One in 4 adult users of health services and the majority of older adults have multiple chronic conditions (MCC).1,2 Because of the paucity of information and the significant disease burdens from MCC, the 2010 US Department of Health and Human Services strategic framework called for an expansion of research on the disease trajectories over time for patients with comorbidities.3 Few studies describe the natural progression and clustering of MCC in all age groups.4 Among the leading causes of disabilities worldwide, 3 chronic conditions stand out due to their prevalence and high disease burden to individuals and society: obesity, hypertension, and depression. Obesity accounts for 5%–15% of deaths each year in the United States.5,6 Alone, it contributes to untimely mortality and decreased quality of life,7 both of which are further influenced by the frequent co-occurrence of debilitating comorbidities including depression, diabetes, and cardiovascular diseases.7–12
We chose hypertension and depression as comorbidities of obesity for 3 reasons. First, depression and hypertension are among the 14 priority conditions recognized by the Medicare Modernization Act Section 1013. Second, individually, each is among the leading causes of morbidity, mortality, and disability. Third, these 3 conditions often co-occur and make weight management more complicated, due to shared pathophysiological pathways13,14 and their impact on each other.13,15,16 Various combinations of these conditions frequently co-occur, and one can have synergistic effects on the development or outcomes of the others. For example, patients with depression gain weight17 faster compared with those without depression. Not only could depression cause obesity,13 treatment for depression can also worsen obesity.18 For instance, some antidepressant medication can make patients feel fatigued. Increased feelings of fatigue could reduce patient’s motivation to engage in behavioral modifications for weight and glucose management. In addition, many psychotropic medications could stimulate appetite, making weight management more challenging; a common side effect of some psychotropic medications is weight gain.18 In addition, it has been well documented that obesity is a risk factor for hypertension10 and depression.14
This study also demonstrates a meaningful use of electronic health records (EHRs) in a large community-based multispecialty practice. Investigators with access to just administrative data are constrained in their ability to examine temporal changes in diseases due to the lack of comprehensive data needed for such a study. Administrative data rely on coding to justify billing—if a visit occurs for an acute problem, a physician may note the patient’s blood pressure, but not enter a code for hypertension. Likewise, for many patients who are overweight, that was unlikely to be their reason for the visit. The advent of EHRs provides an opportunity to explore longitudinal changes in MCC in ways not previously possible.
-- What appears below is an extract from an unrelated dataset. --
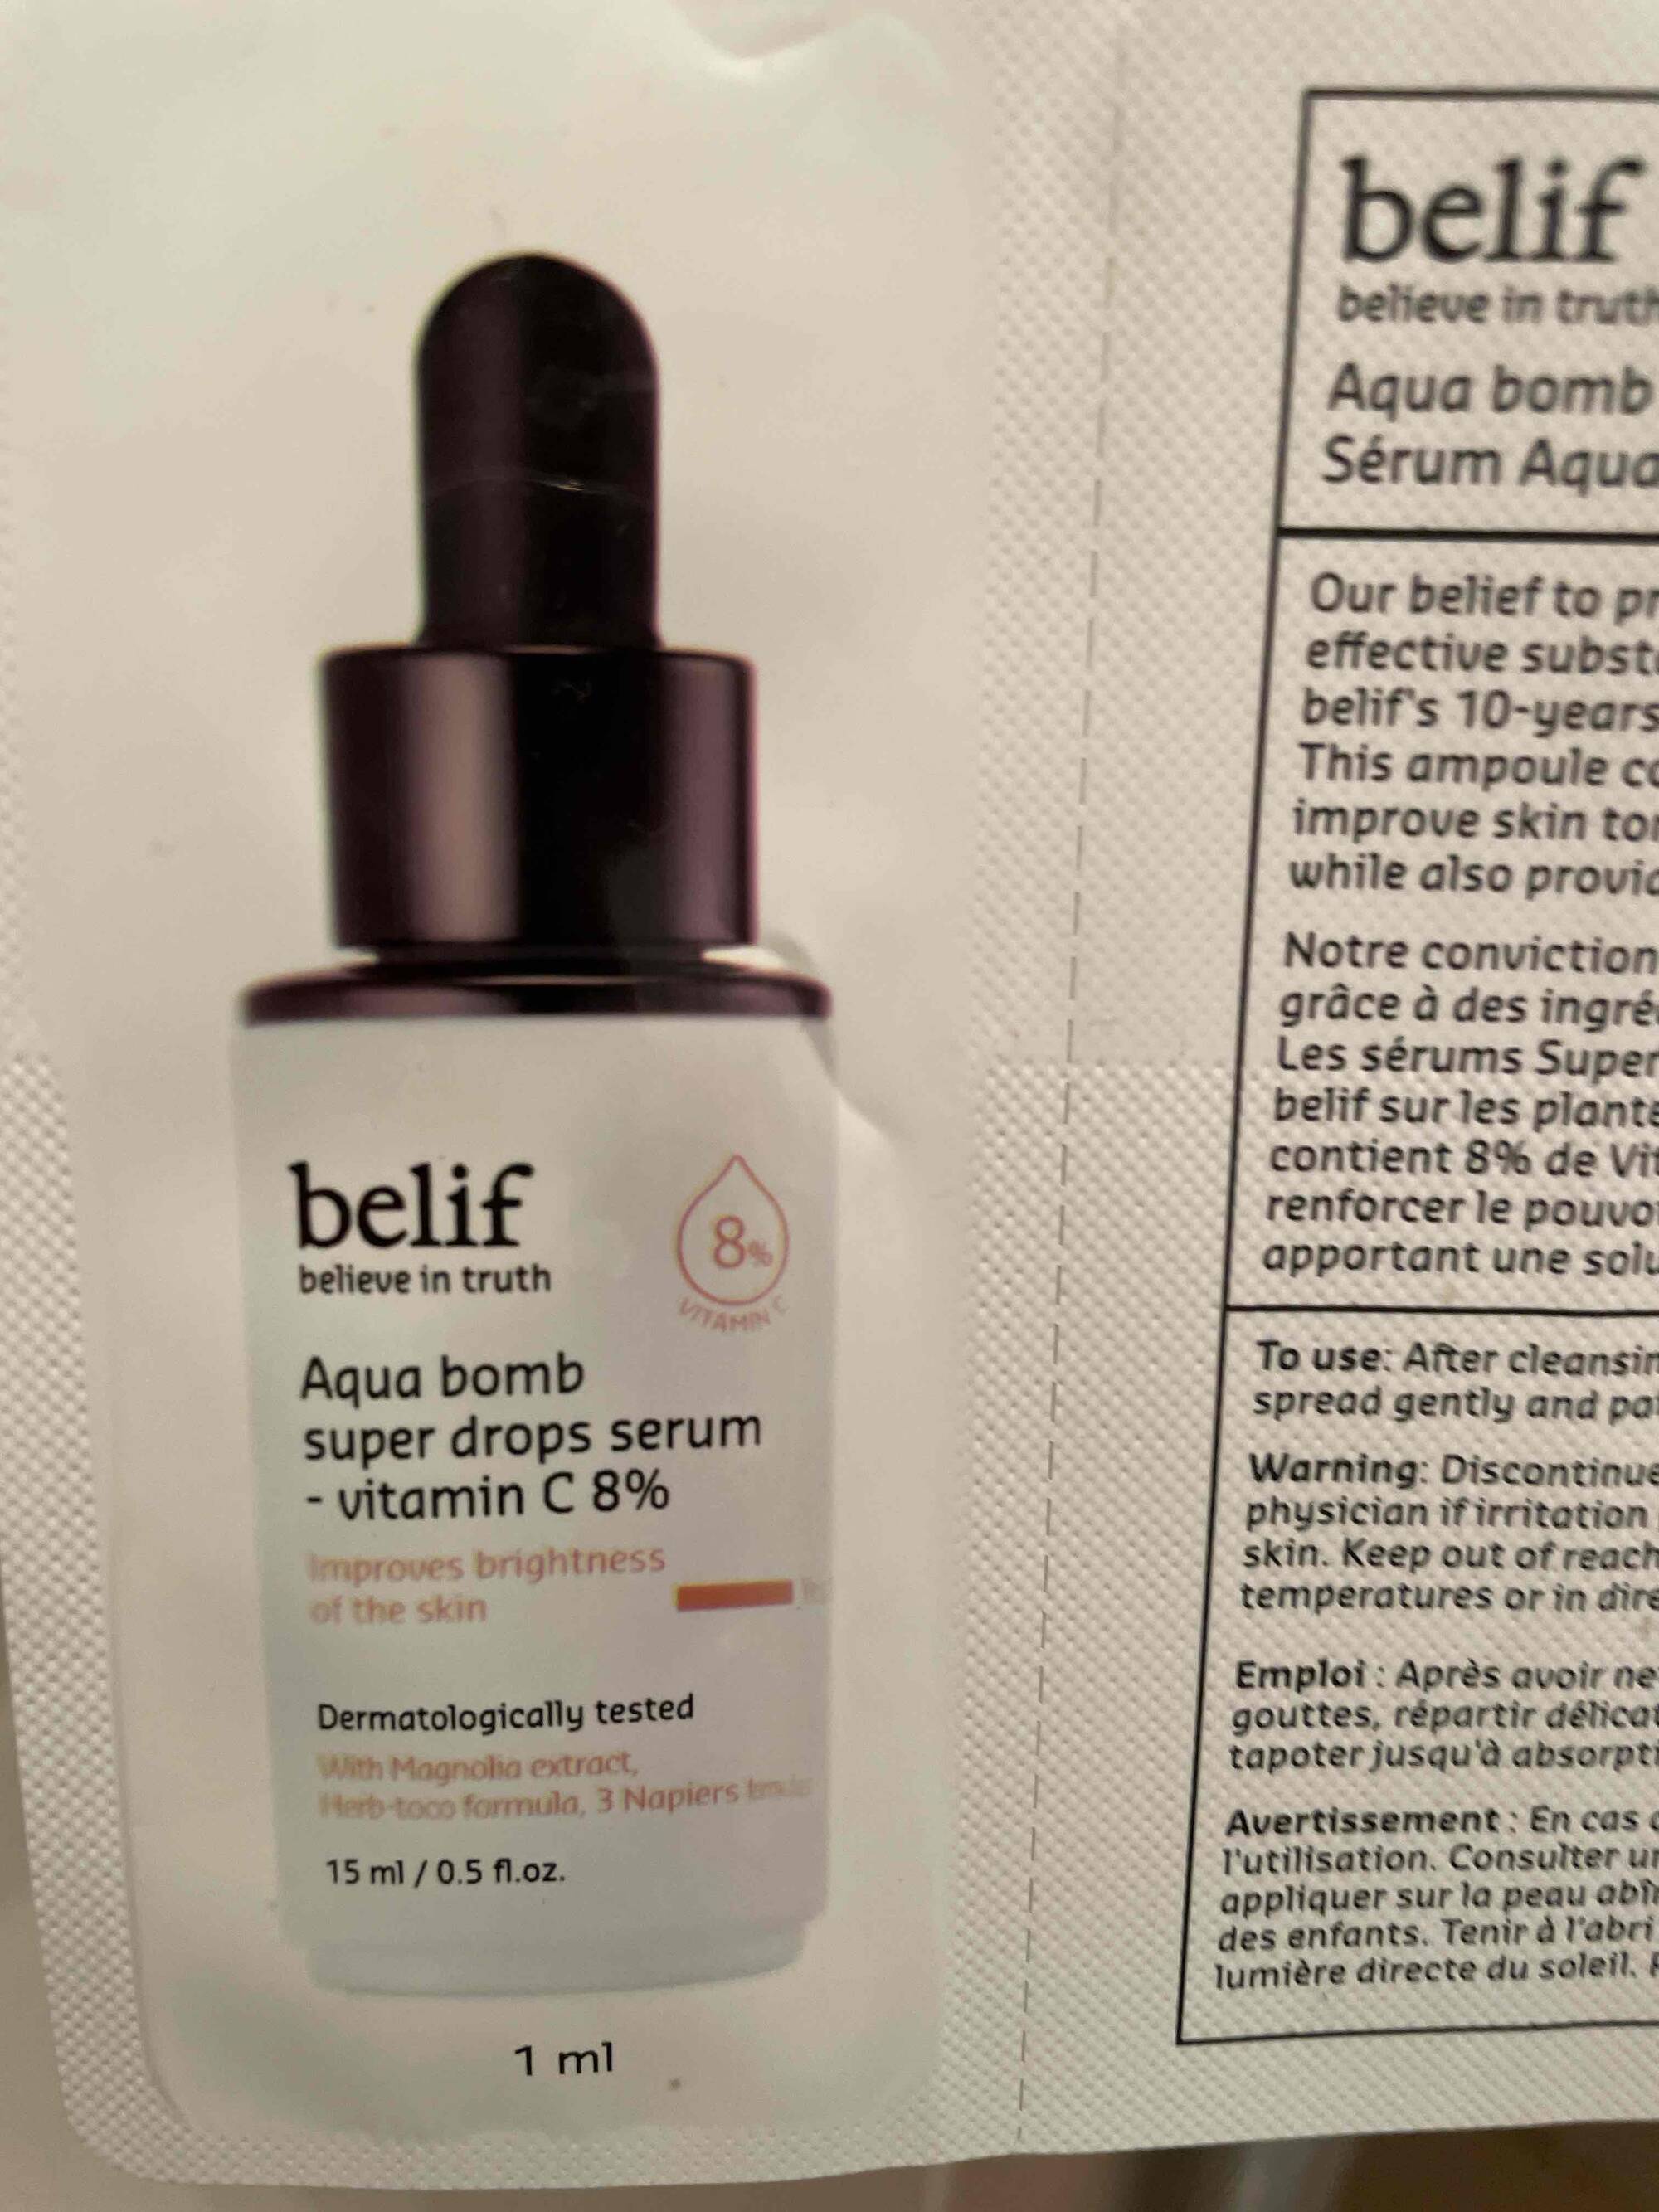 BELIF - Aqua bomb super drops serum vitamin C 8%

Four research questions were addressed. First, for patients with high body mass index (BMI), how did co-occurring depression and/or hypertension affect the probability of having a diagnosis of overweight/obesity in the EHR? Second, for patients with high blood pressure (BP), how did having depression and/or high BMI affect the probability of having a diagnosis of hypertension recorded in the EHR? Third, how did having depression and/or hypertension influence BMI trajectories over an 8-year period? And lastly, how did having high BMI and/or depression affect BP trajectories, accounting for the propensity of being treated for hypertension? The Palo Alto Medical Foundation Institutional Review Board approved the study.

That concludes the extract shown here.